My Lords, I should be very sorry if your Lordships were to think that I rise in order to support the common-sense view, as it was called, which has just been put before you by the noble Lord. I can only say for myself that if the basis from which he regards these matters is the common- sense basis, I must appear to your Lordships to be the veriest lunatic. This discussion has ranged over a rather wide area, and there are one or two simple matters connected with it, perhaps not more remote from it than some which have been already mentioned, which I desire to bring to your Lordships' notice. First of all, nothing has been said as to the large contribution towards the solution of this problem which has been made by some of the great employers of labour in this country. I was in a country parish in my diocese only yesterday afternoon, when one of my clergy consulted me as to the problems that are raised for him, and indirectly for me, by the erection by a great engineering firm in our countryside some two hundred houses. All that has to be taken into account.

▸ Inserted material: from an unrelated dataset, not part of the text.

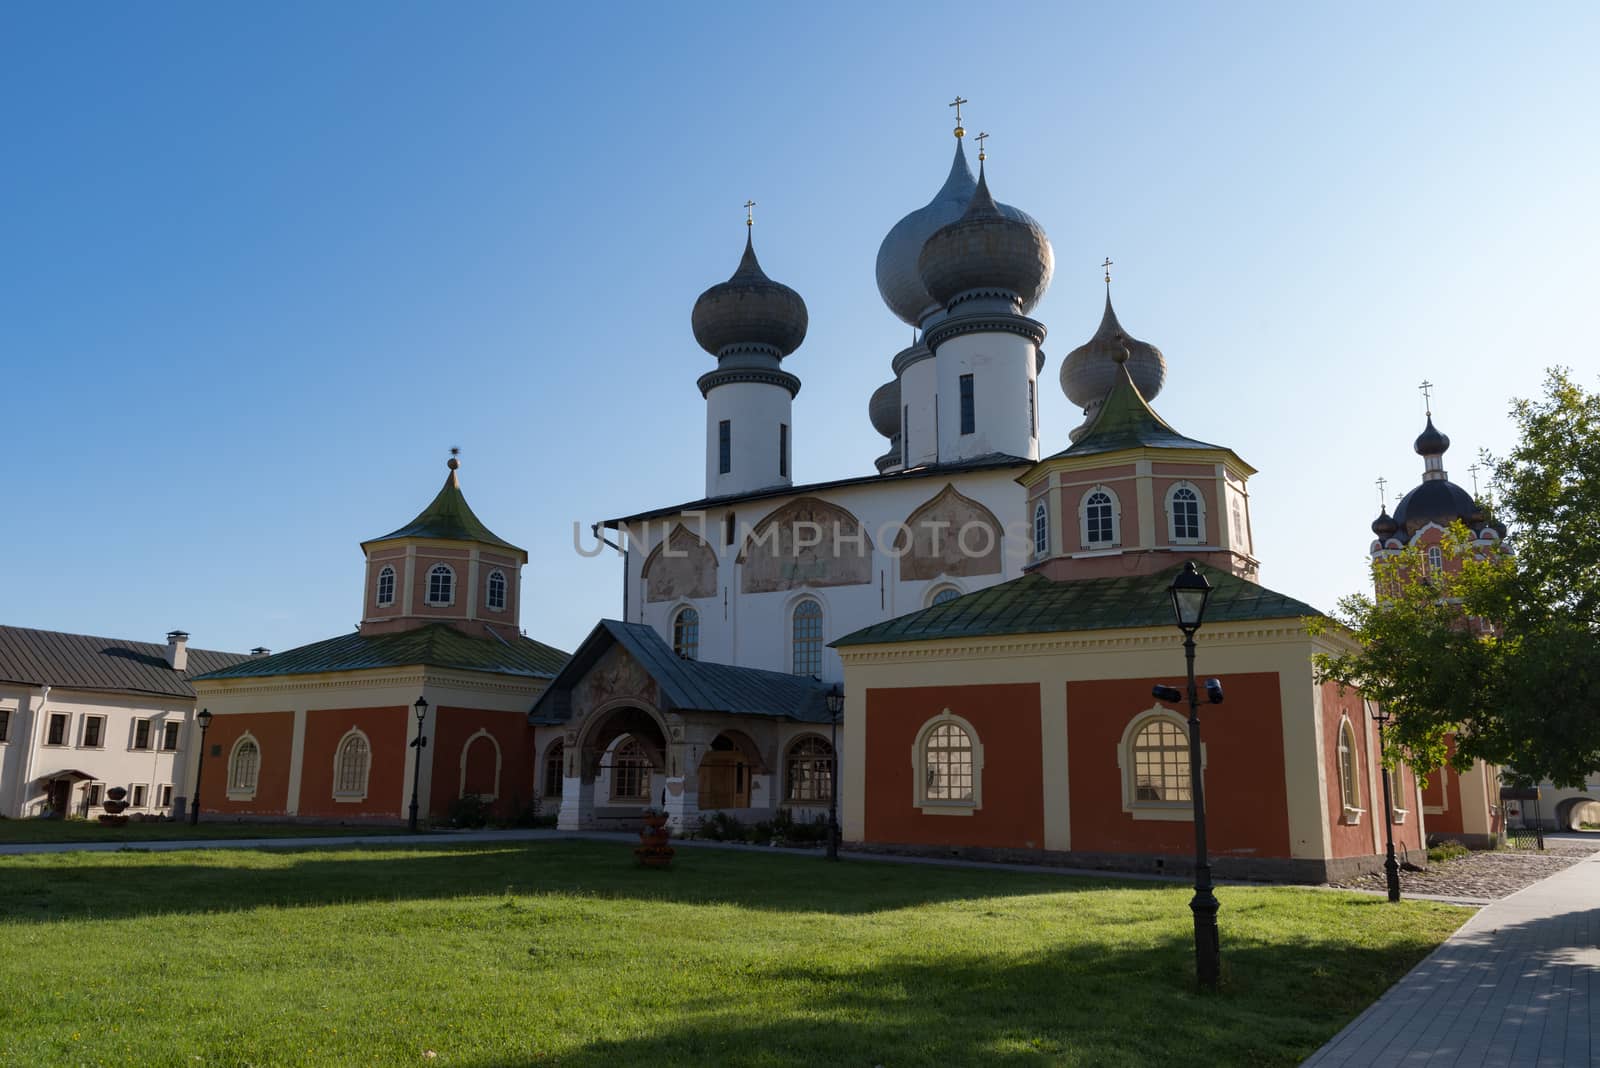 Assumption Cathedral in Tikhvin Assumption (Bogorodichny Uspensky)   Monastery,  Tikhvin, Russia

Again, a great deal can be done, I am quite certain, by a wise insistence on the part of the local authorities erecting these houses, that they really shall be effectively occupied. Anybody who lives, as I do, within twenty miles of a great city must be conscious that too many of these newly-erected houses somehow get into the occupation of persons of whom I desire to speak with the utmost respect and with some envy—the week-enders. I never have week-ends myself, and am therefore not likely to join this company. But the week-ender has no right at this moment to be occupying in the County of Worcester, from Saturday mid-day to Monday morning if he has a motor-car—and he probably has—a house which is really erected (because in Worcestershire there is a shortage of houses) for the genuine Worcestershire people.

May I add that I do feel that there is a certain danger in the way in which these houses are apportioned between one set of applicants and another. I find, as I go about, rather too great a tendency to favour the young married couple, or perhaps some young man of influence who comes to the allotting authority and asks for a house because he wants to be married. What happens in the. mean time is that the married man of some years standing, with a family to his credit, and living in the most terribly overcrowded conditions—there was one who wrote to me not long ago from a mere railway hutment—is entirely set aside in favour of the young couple, or the young man who wants to get married, and whose housing problem is not at the moment really serious, although it may become so in due course. I am very much obliged to your Lordships for allowing me to make these remarks, which, I am well aware, are not strictly germane to the Bill, but everything that has to to do with the social welfare of the workers in this country is of concern to every one of your Lordships, and therefore I do not apologise for mentioning those points.

THE LORD CHANCELLOR

My Lords, some very wide questions have been raised, and I will content myself in replying on the debate to dealing with two questions only. First, in answer to my noble friends Lord Lamington and Lord Banbury, I would only say that, like them I do not regard rent restriction as a good thing in itself, but I am confident that if they had the responsibility which His Majesty's Government have to day neither of them would be willing to allow the Acts to lapse at once. I am certain they would be compelled by the logic of events to continue them, at all events for a time. The second question I want to answer is that of the noble Lord, Lord Parmoor, who wanted to know what we were going to do two years hence. With all respect to him, I do not think I ought to be asked to answer that question. As has been said, we think it right to proceed by short steps, to renew the Acts for a limited time only. As to what may happen in 1927, I can give no promise, except tint we shall then, of course, carefully examine the whole question and come to Parliament—we or some other Government—with such proposals as may then appear to be proper. In the meantime, we keep a free hand.

On Question, Bill read 2a, and committed to a Committee of the Whole House.